PROBLEM -> Below are the records; repeat exactly their lines between the line holding "Aus der Vogelperspektive" and the line holding "Képek - Rice porridge pistachio Forpro", inclusive, skipping the pictures.

DATA SUPPLIED ->

□ □ □ □ □

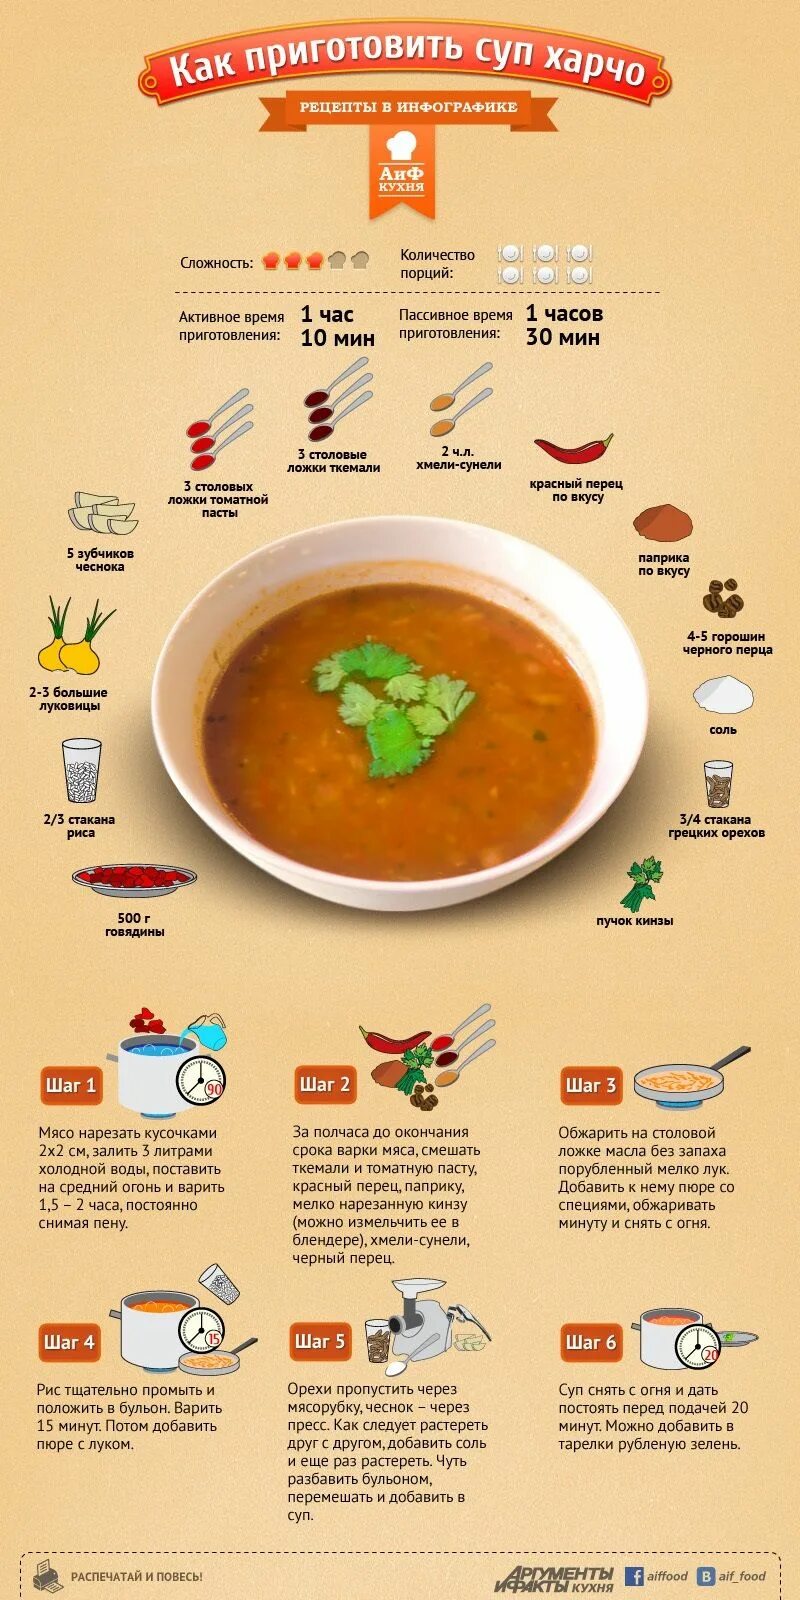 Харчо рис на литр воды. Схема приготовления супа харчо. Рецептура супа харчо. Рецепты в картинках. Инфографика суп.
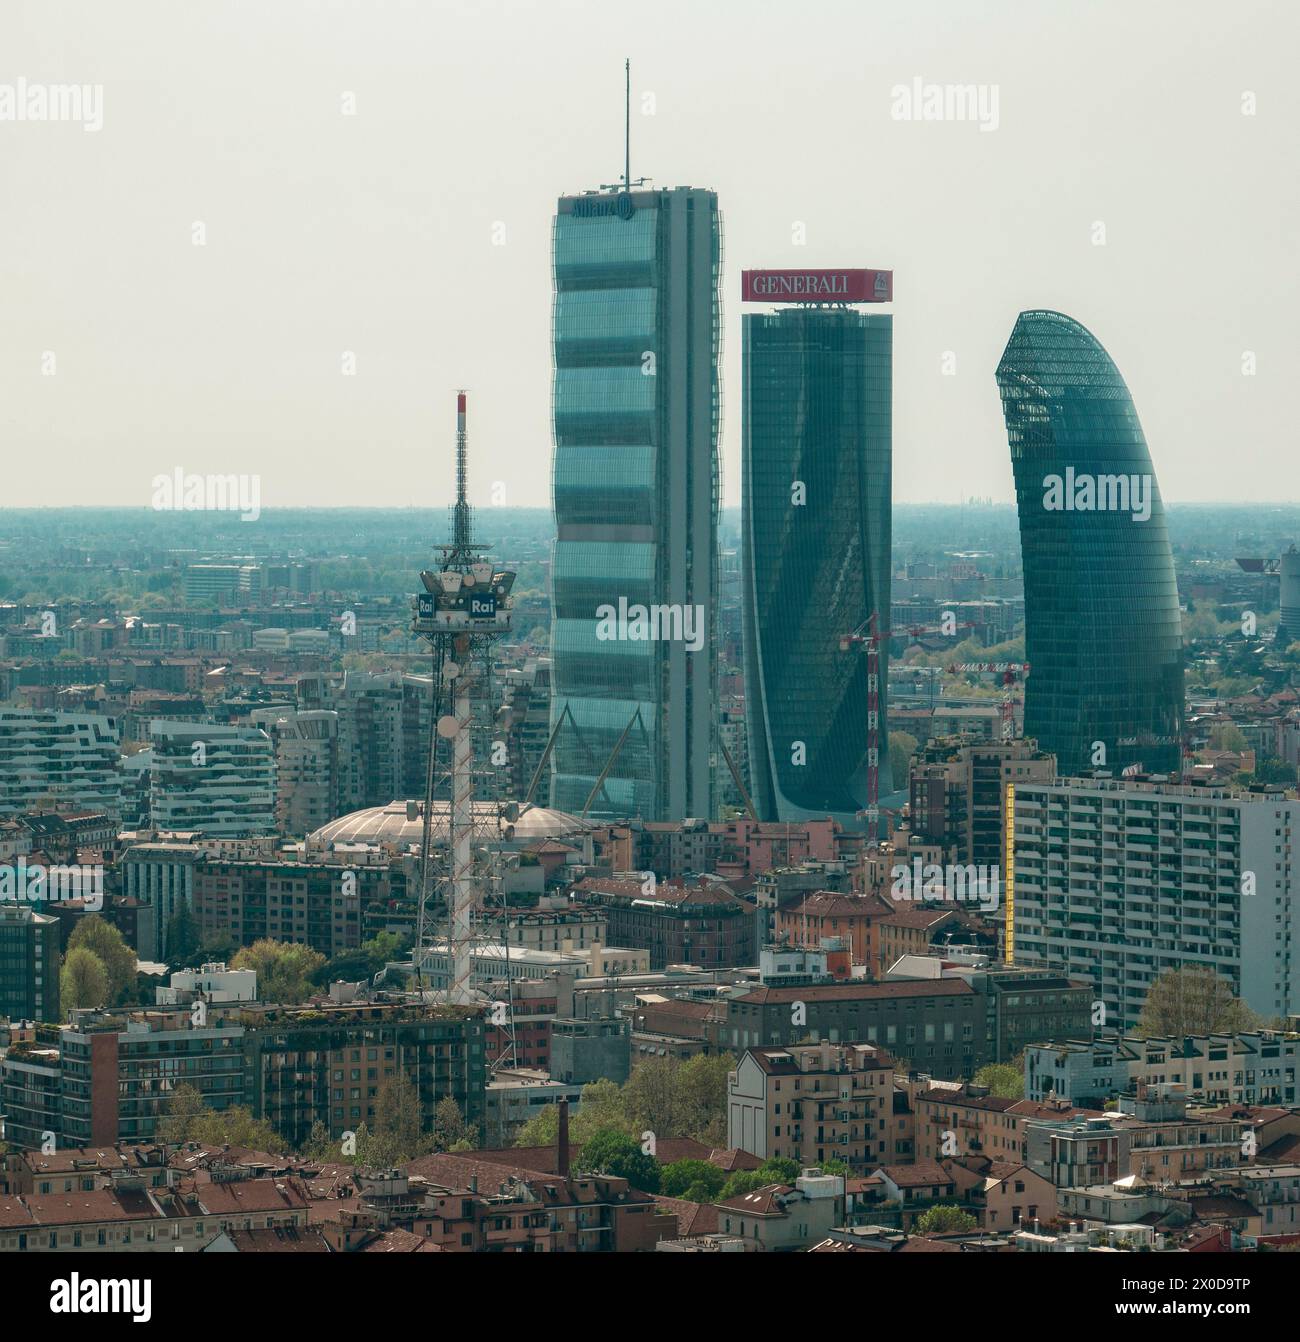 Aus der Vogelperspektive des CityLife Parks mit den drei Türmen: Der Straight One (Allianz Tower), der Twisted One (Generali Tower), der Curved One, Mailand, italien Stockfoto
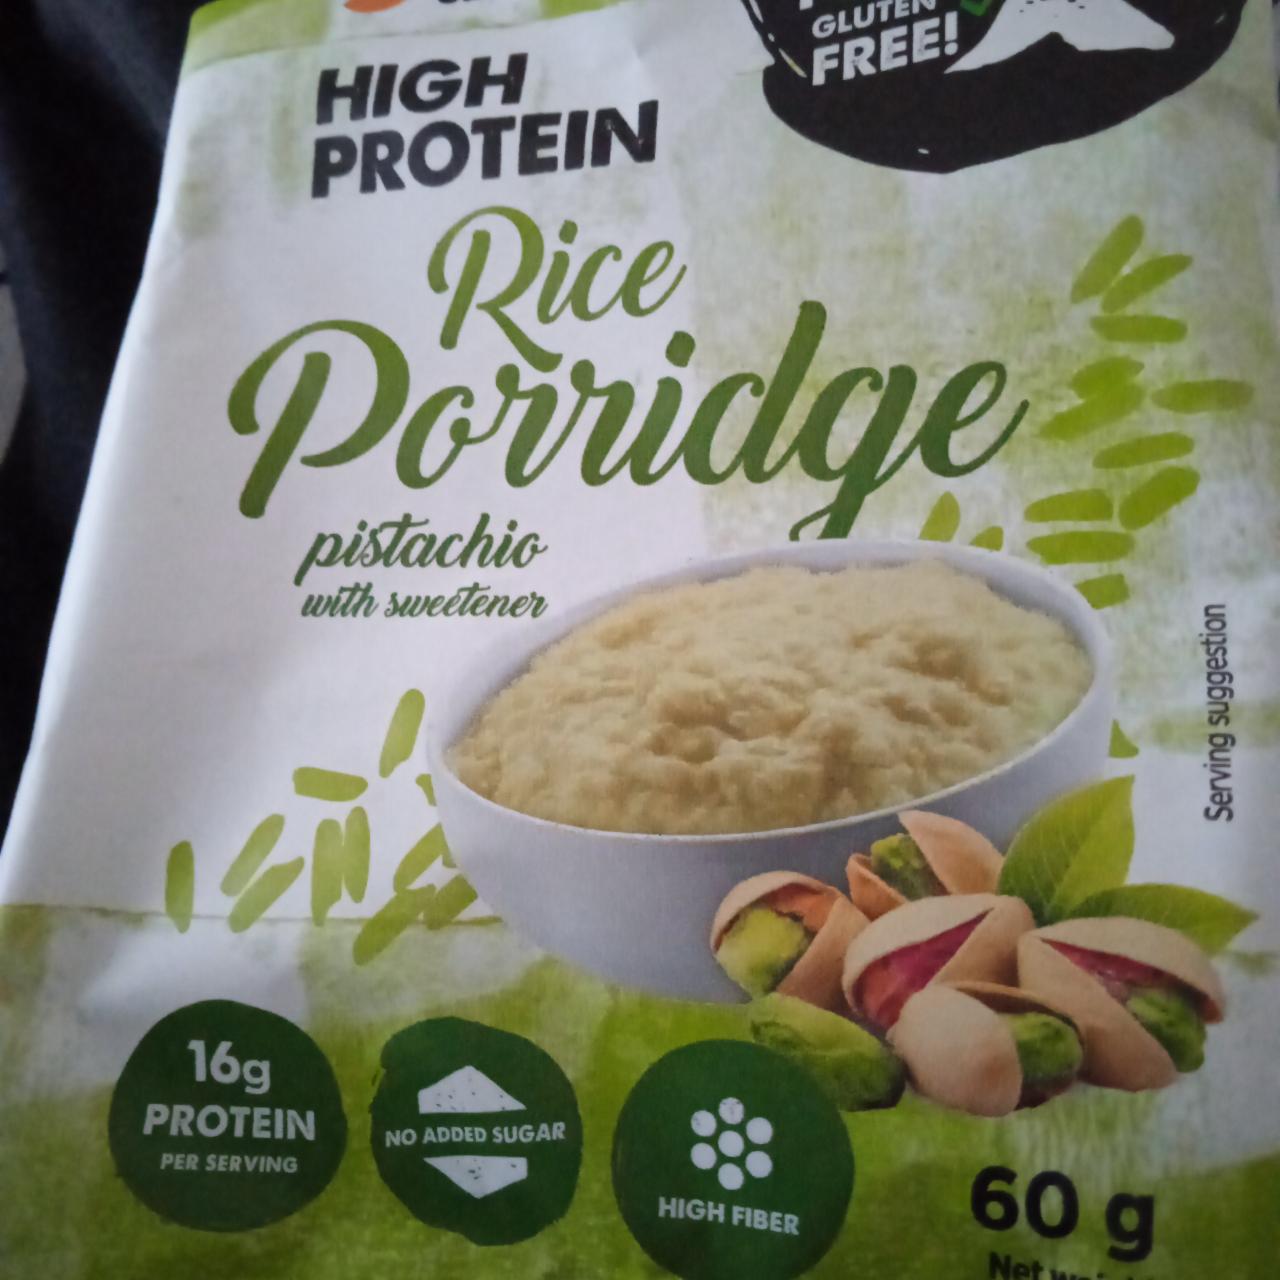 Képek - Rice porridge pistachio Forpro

□ □ □ □ □

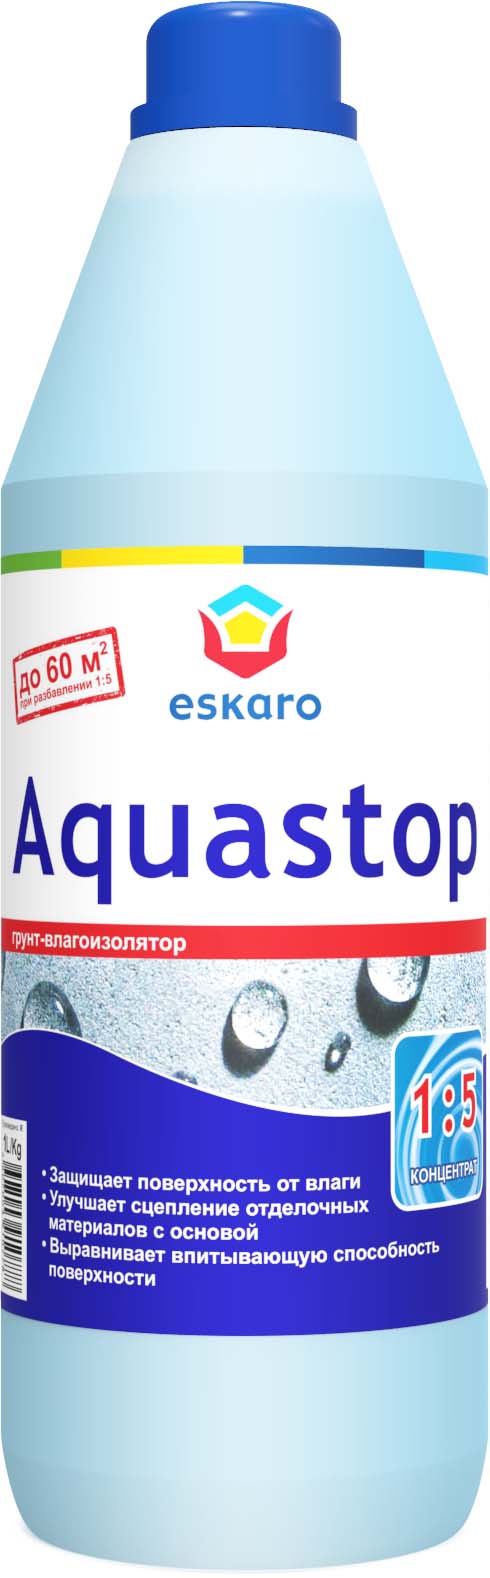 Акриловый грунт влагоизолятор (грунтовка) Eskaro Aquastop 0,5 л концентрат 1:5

□ □ □ □ □

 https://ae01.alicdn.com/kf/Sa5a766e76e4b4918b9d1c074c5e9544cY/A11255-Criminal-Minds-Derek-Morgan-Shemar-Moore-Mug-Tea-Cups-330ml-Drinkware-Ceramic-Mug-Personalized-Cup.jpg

□ □ □ □ □

SOLUTION TO THIS EXERCISE ->
 Aus der Vogelperspektive des CityLife Parks mit den drei Türmen: Der Straight One (Allianz Tower), der Twisted One (Generali Tower), der Curved One, Mailand, italien Stockfoto
 Képek - Rice porridge pistachio Forpro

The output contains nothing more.